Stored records
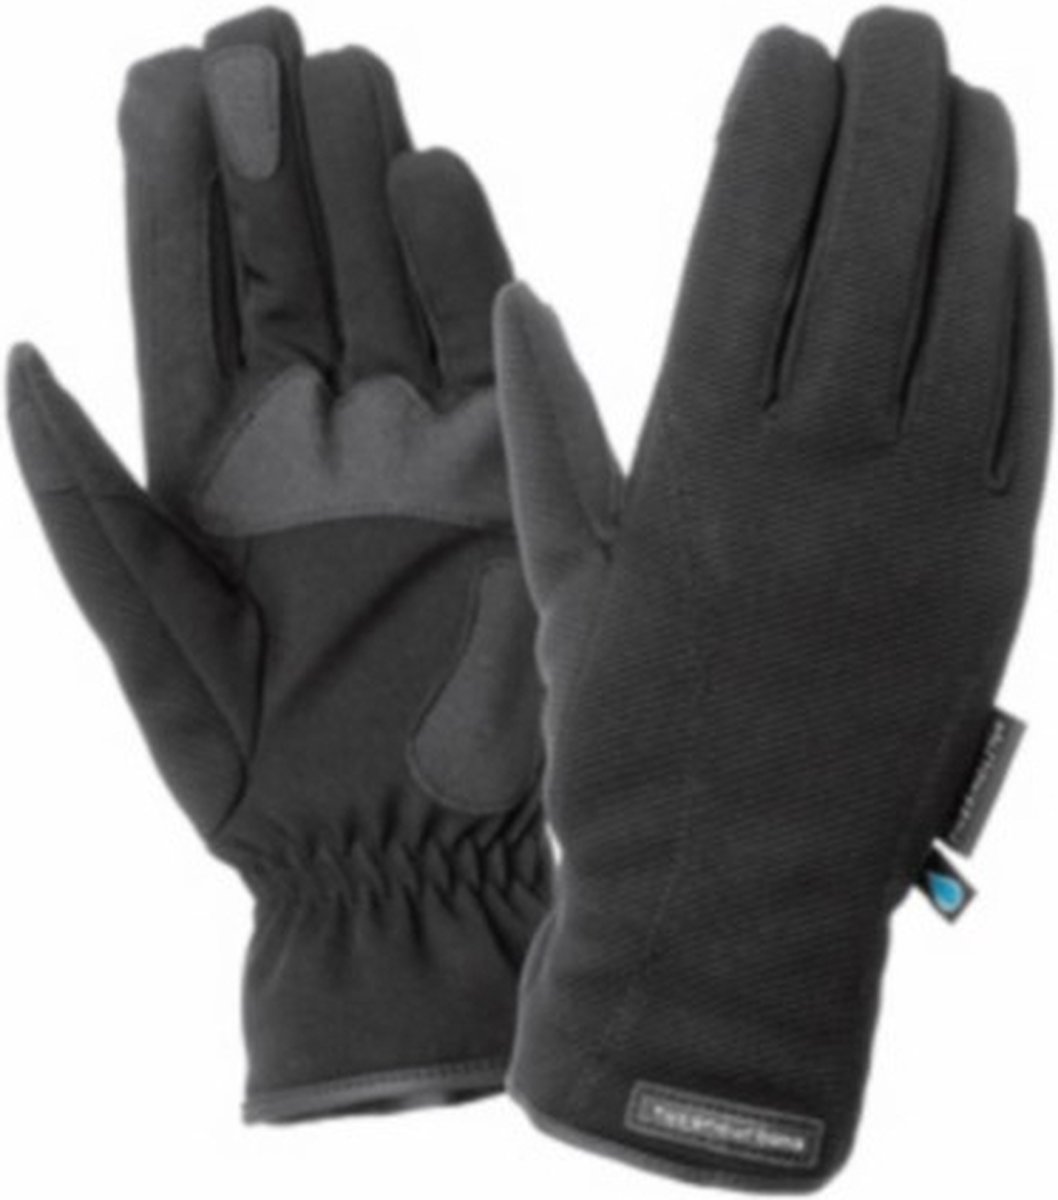 kleding handschoenset dames XS zwart tucano 9954hw mary touch
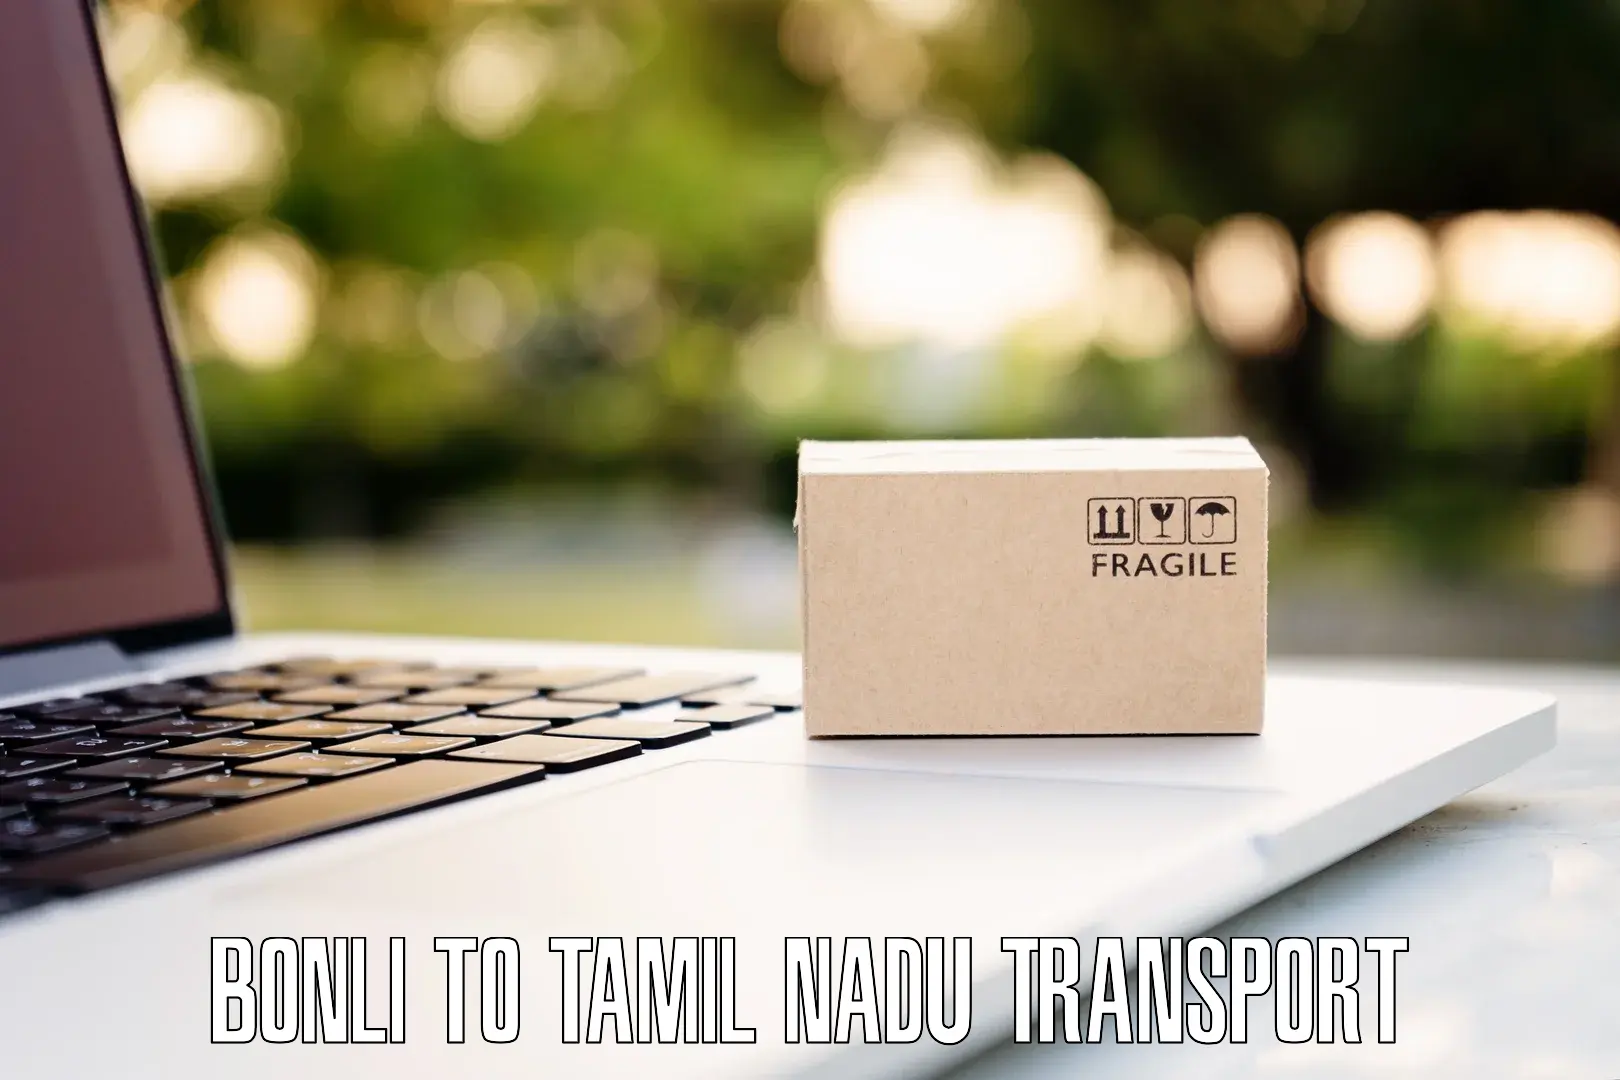 Nationwide transport services Bonli to Tamil Nadu
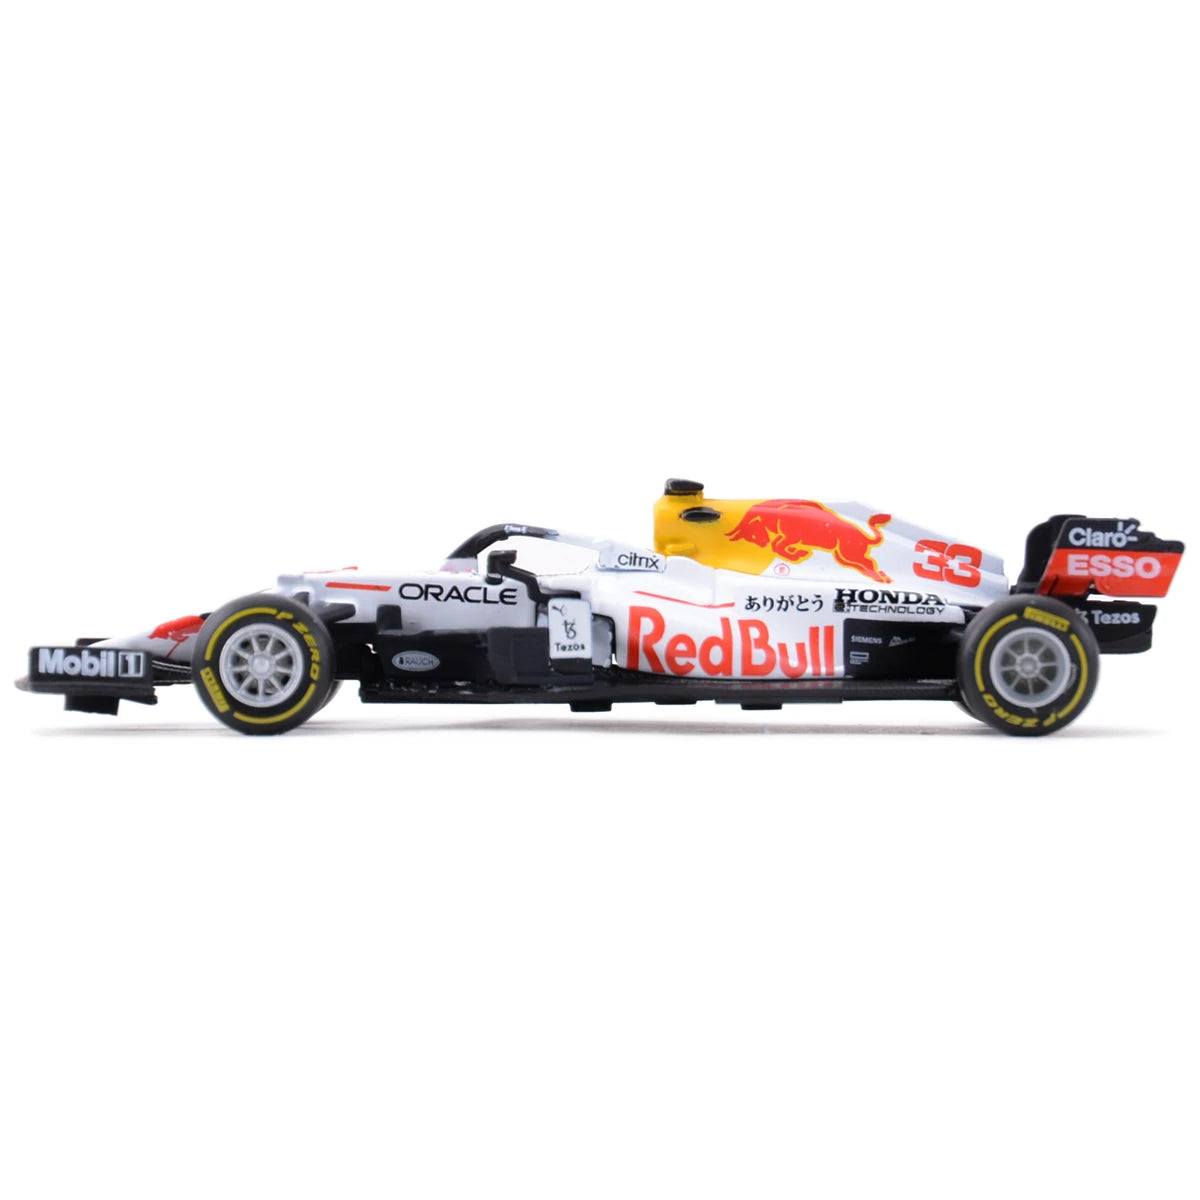 Bburago 1:43 2021 Red Bull RB16B #33 Turkey F1 Formula Car Static Die Cast Vehicles Collectible Model Racing Car Toys
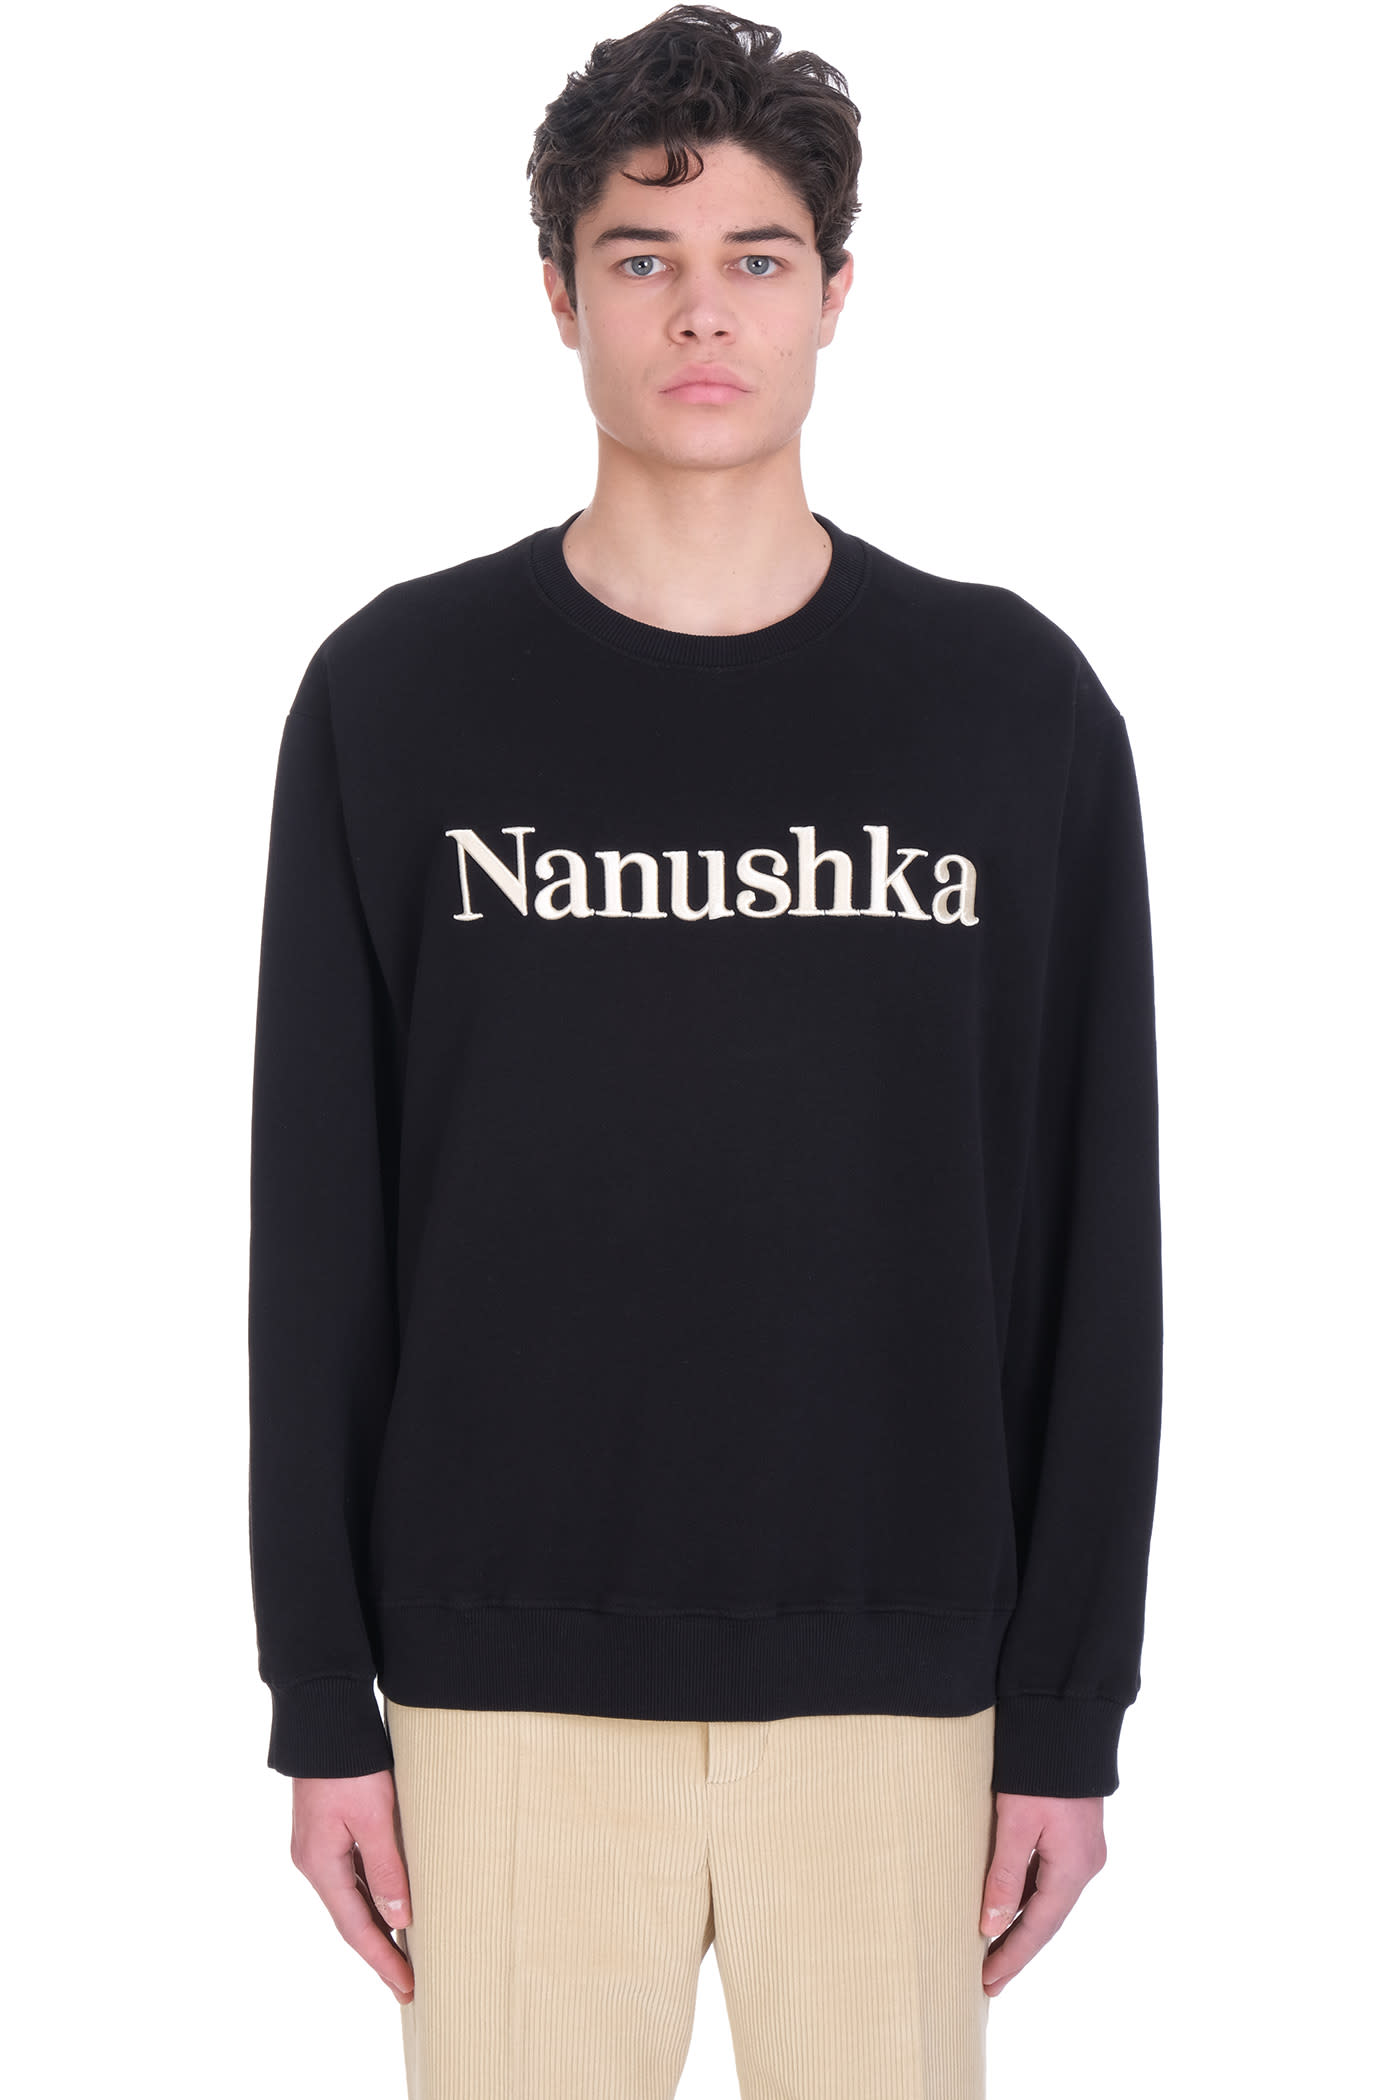 Nanushka Remy Sweatshirt In Black Cotton
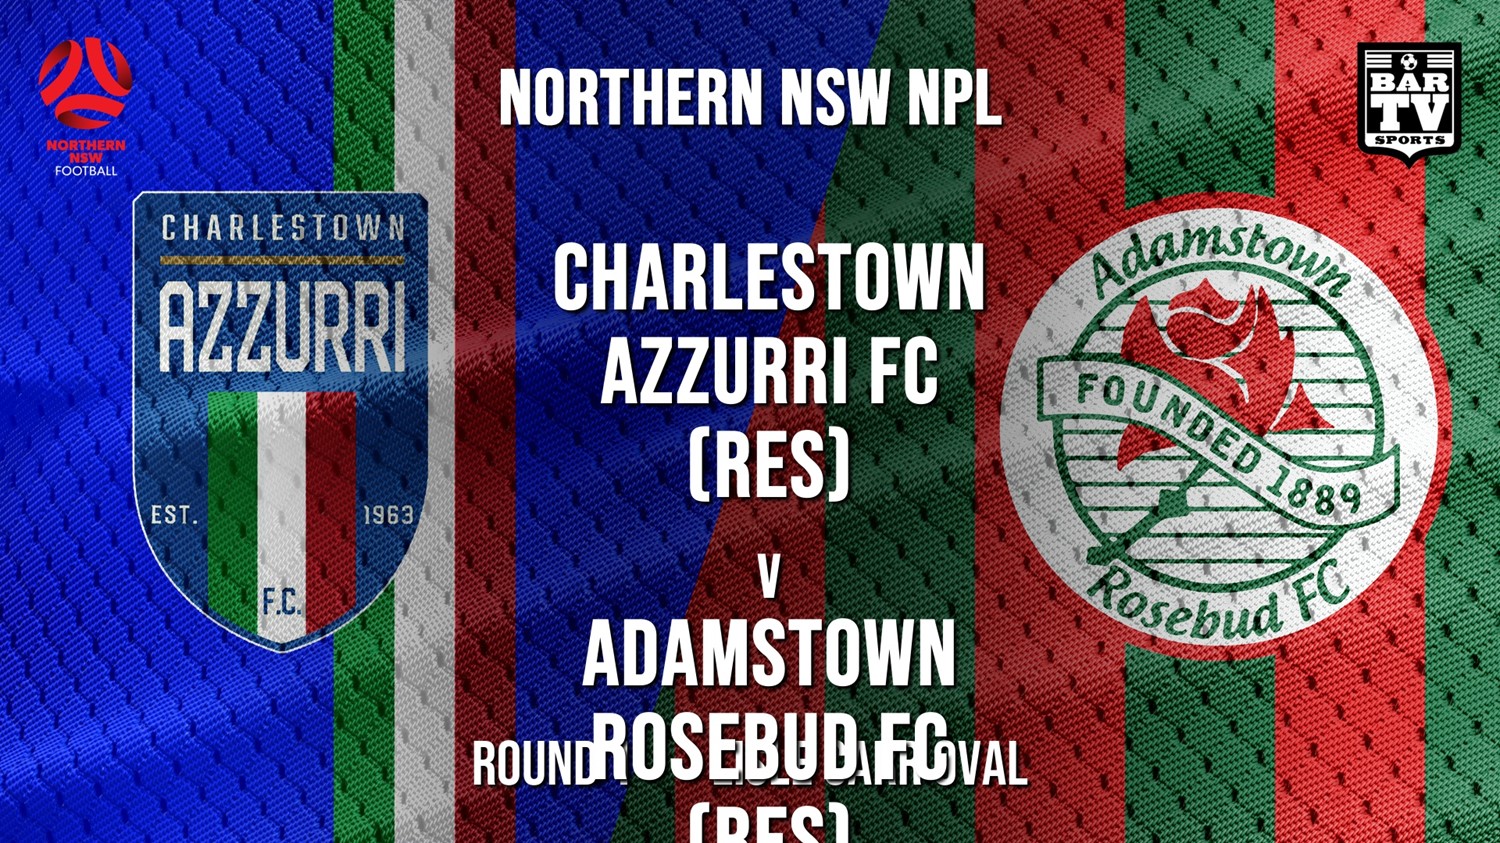 NPL - Northern NSW Reserves Round 1 - Charlestown Azzurri FC (Res) v Adamstown Rosebud FC (Res) Minigame Slate Image

• Work task:
Return every line shown above without changing a word, and skip the pictures.

• Task answer:
 kleding handschoenset dames XS zwart tucano 9954hw mary touch
 Nationwide transport services Bonli to Tamil Nadu
 Bburago 1:43 2021 Red Bull RB16B #33 Turkey F1 Formula Car Static Die Cast Vehicles Collectible Model Racing Car Toys
 Nanushka Remy Sweatshirt In Black Cotton
 NPL - Northern NSW Reserves Round 1 - Charlestown Azzurri FC (Res) v Adamstown Rosebud FC (Res) Minigame Slate Image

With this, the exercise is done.